-- Required work --
Your reply is to be the lines below, exactly as written, with images omitted.

-- Information provided --
==========
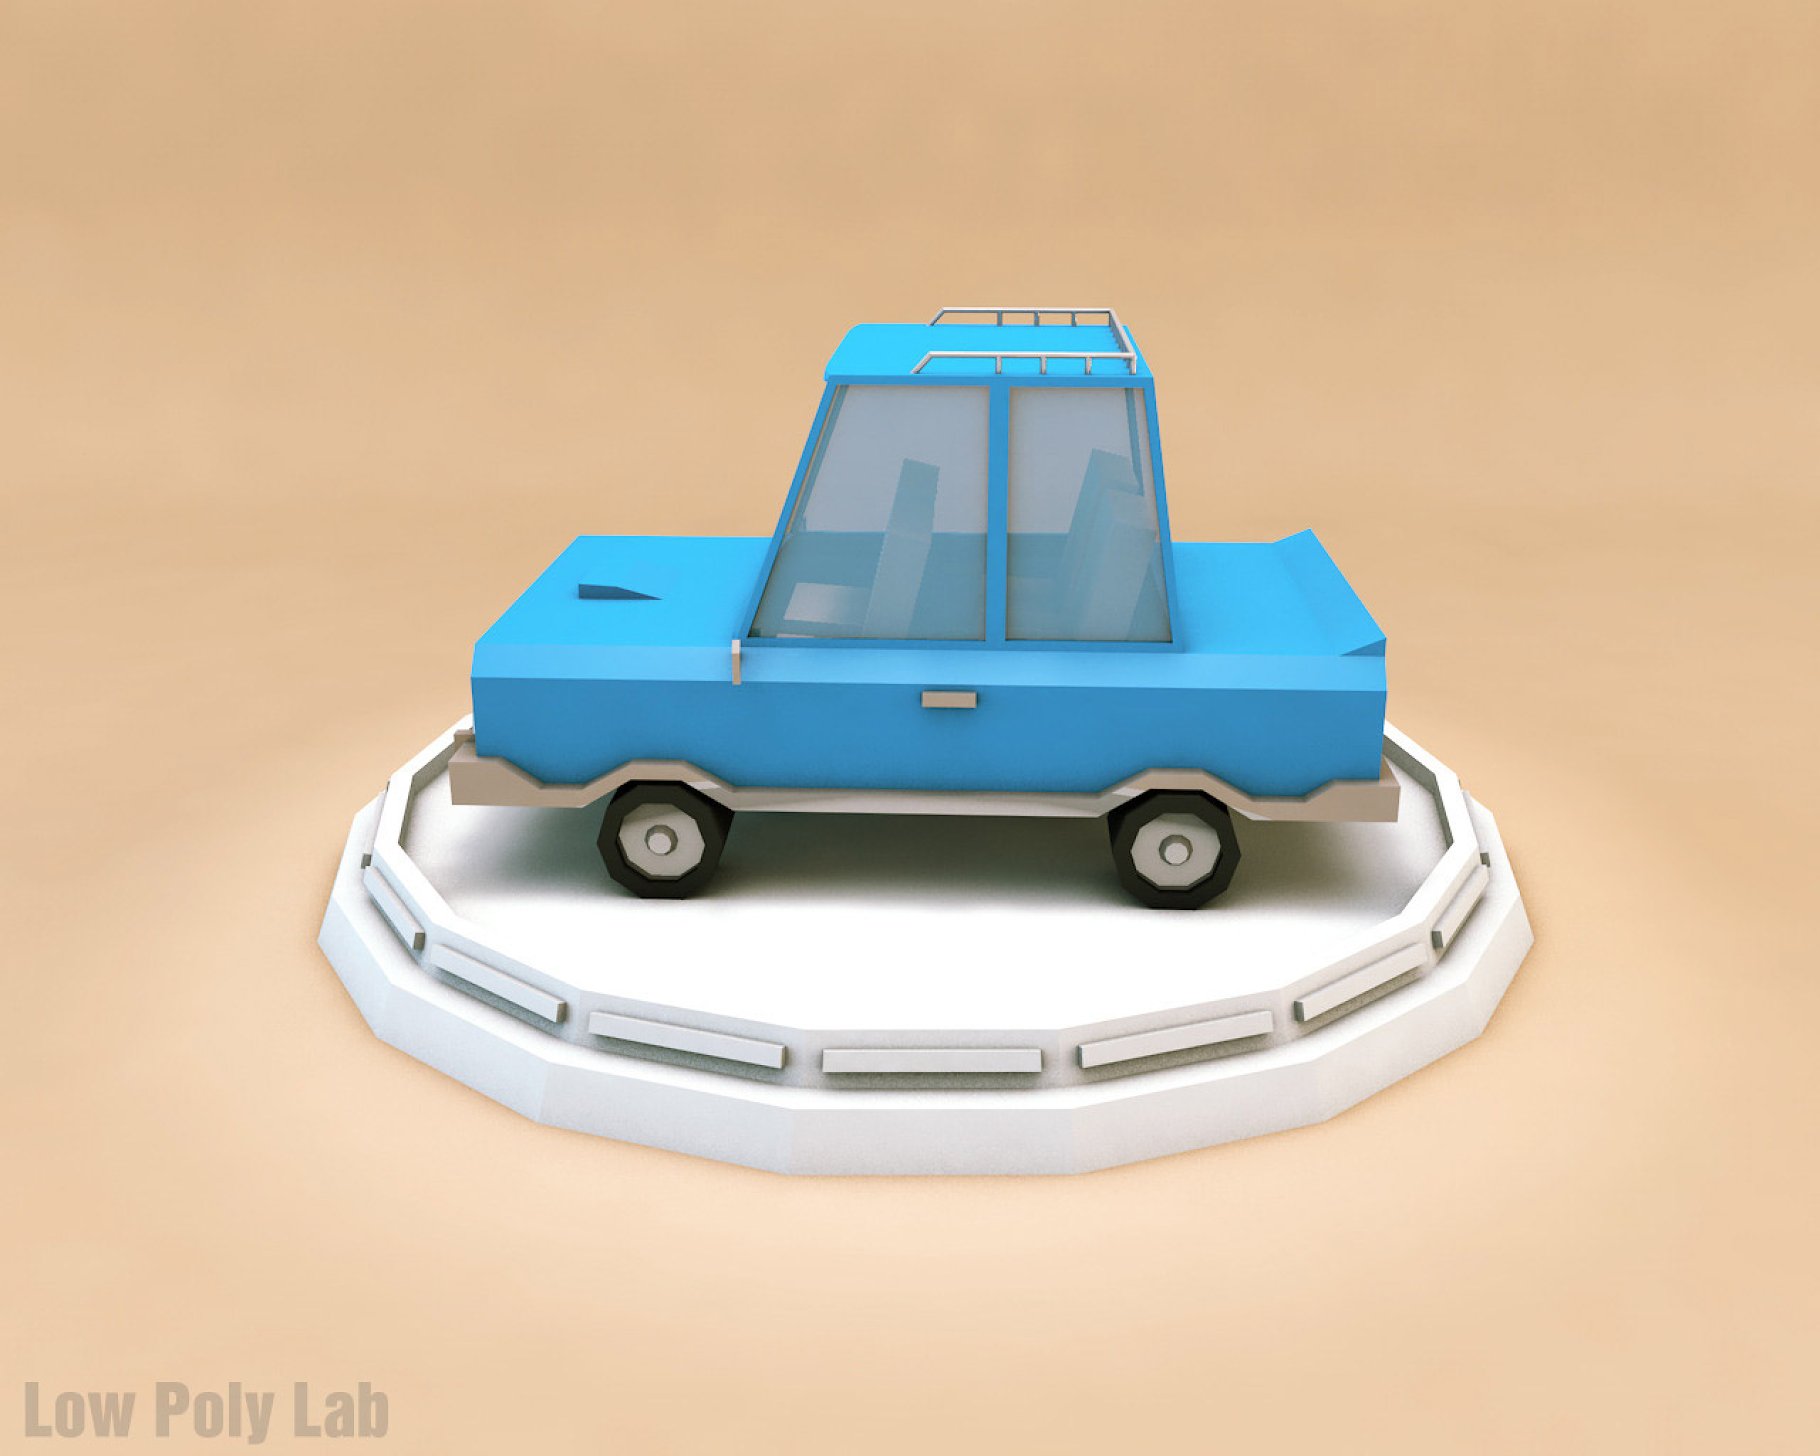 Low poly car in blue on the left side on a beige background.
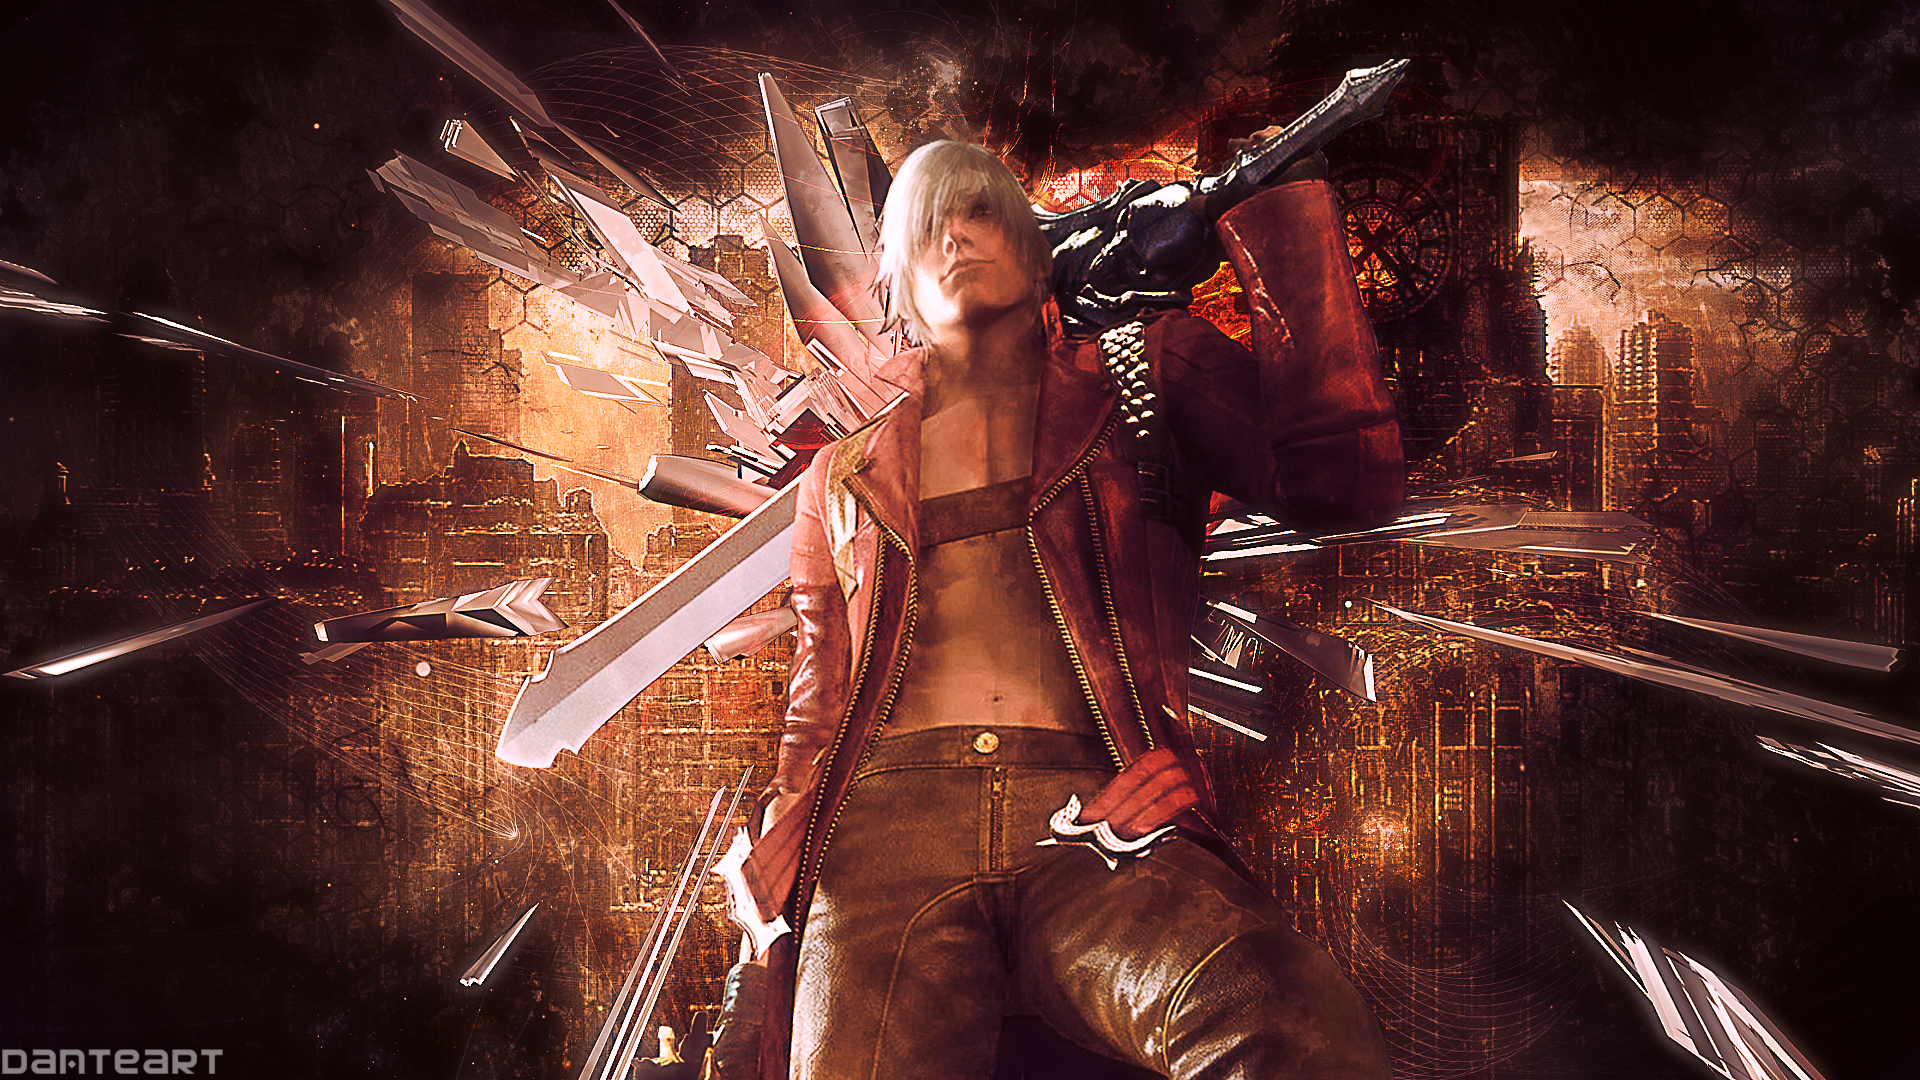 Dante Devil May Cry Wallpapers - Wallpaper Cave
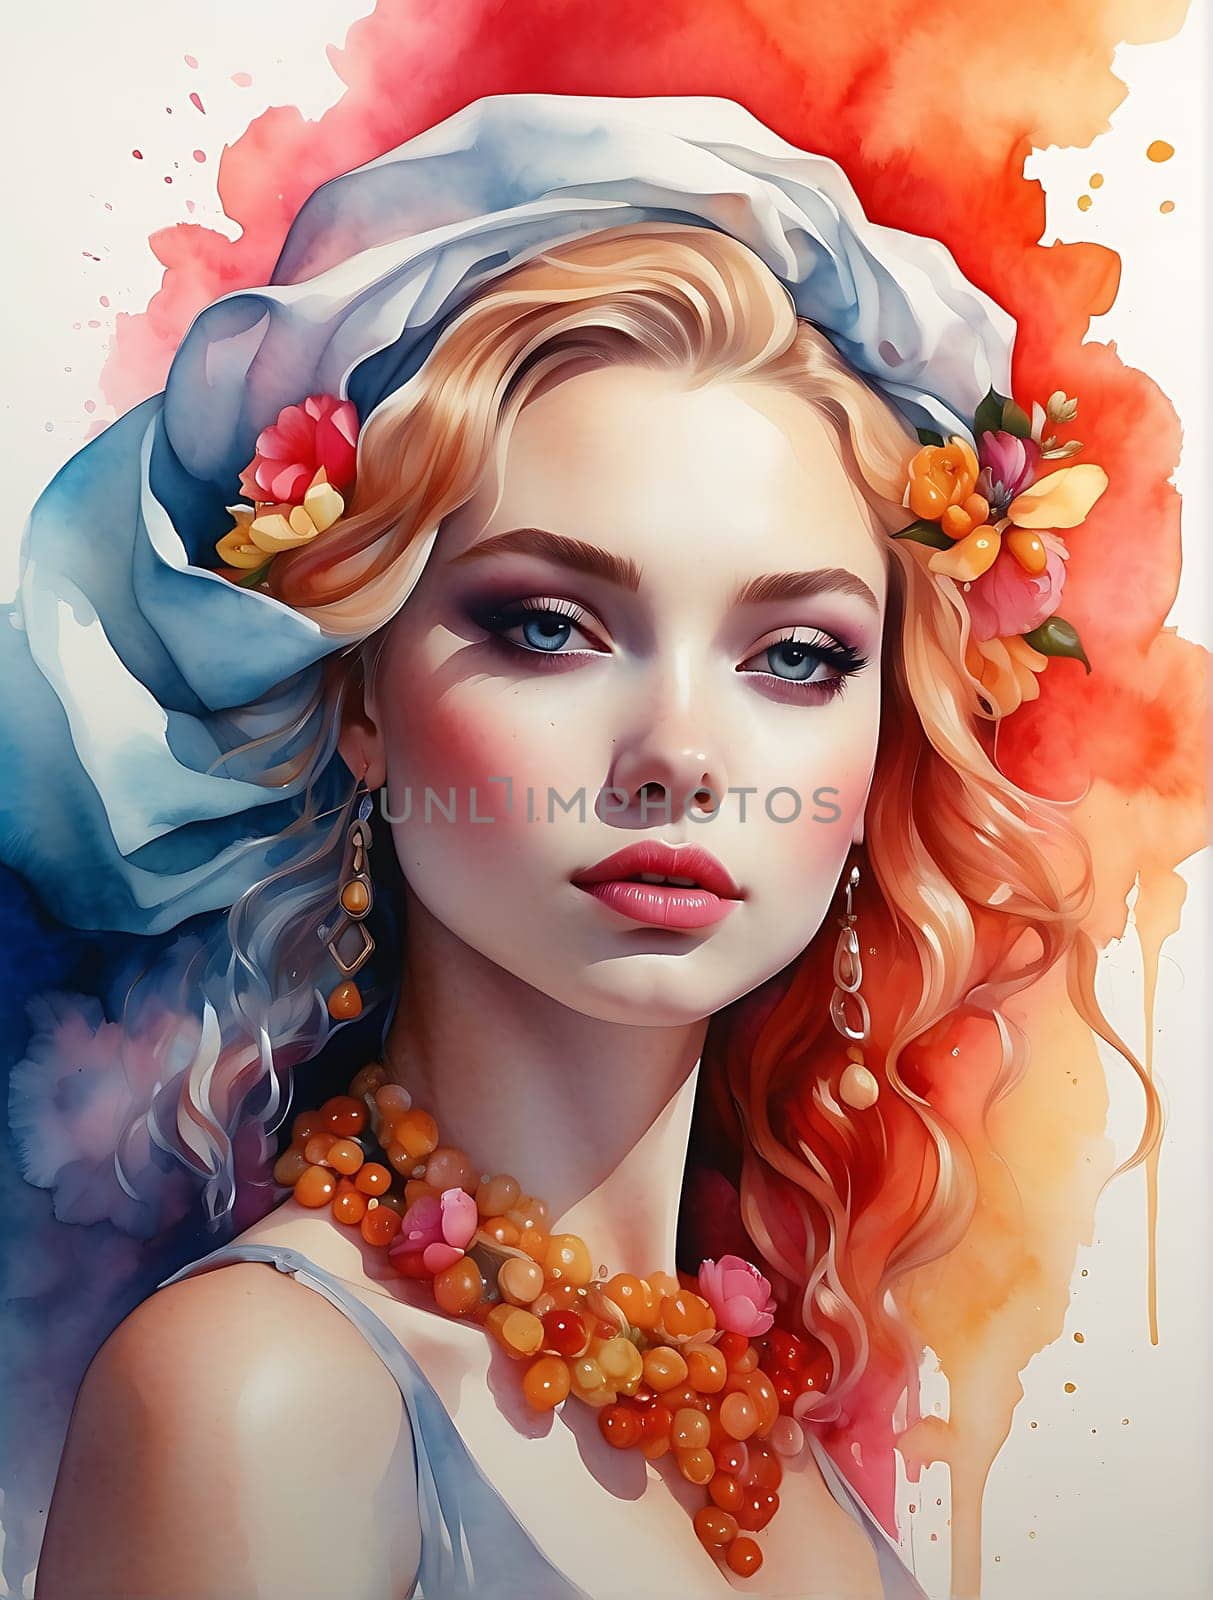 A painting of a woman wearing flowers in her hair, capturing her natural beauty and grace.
==========
-- Exercise answer --
 Low poly car in blue on the left side on a beige background.
 Dante Devil May Cry Wallpapers - Wallpaper Cave
 A painting of a woman wearing flowers in her hair, capturing her natural beauty and grace.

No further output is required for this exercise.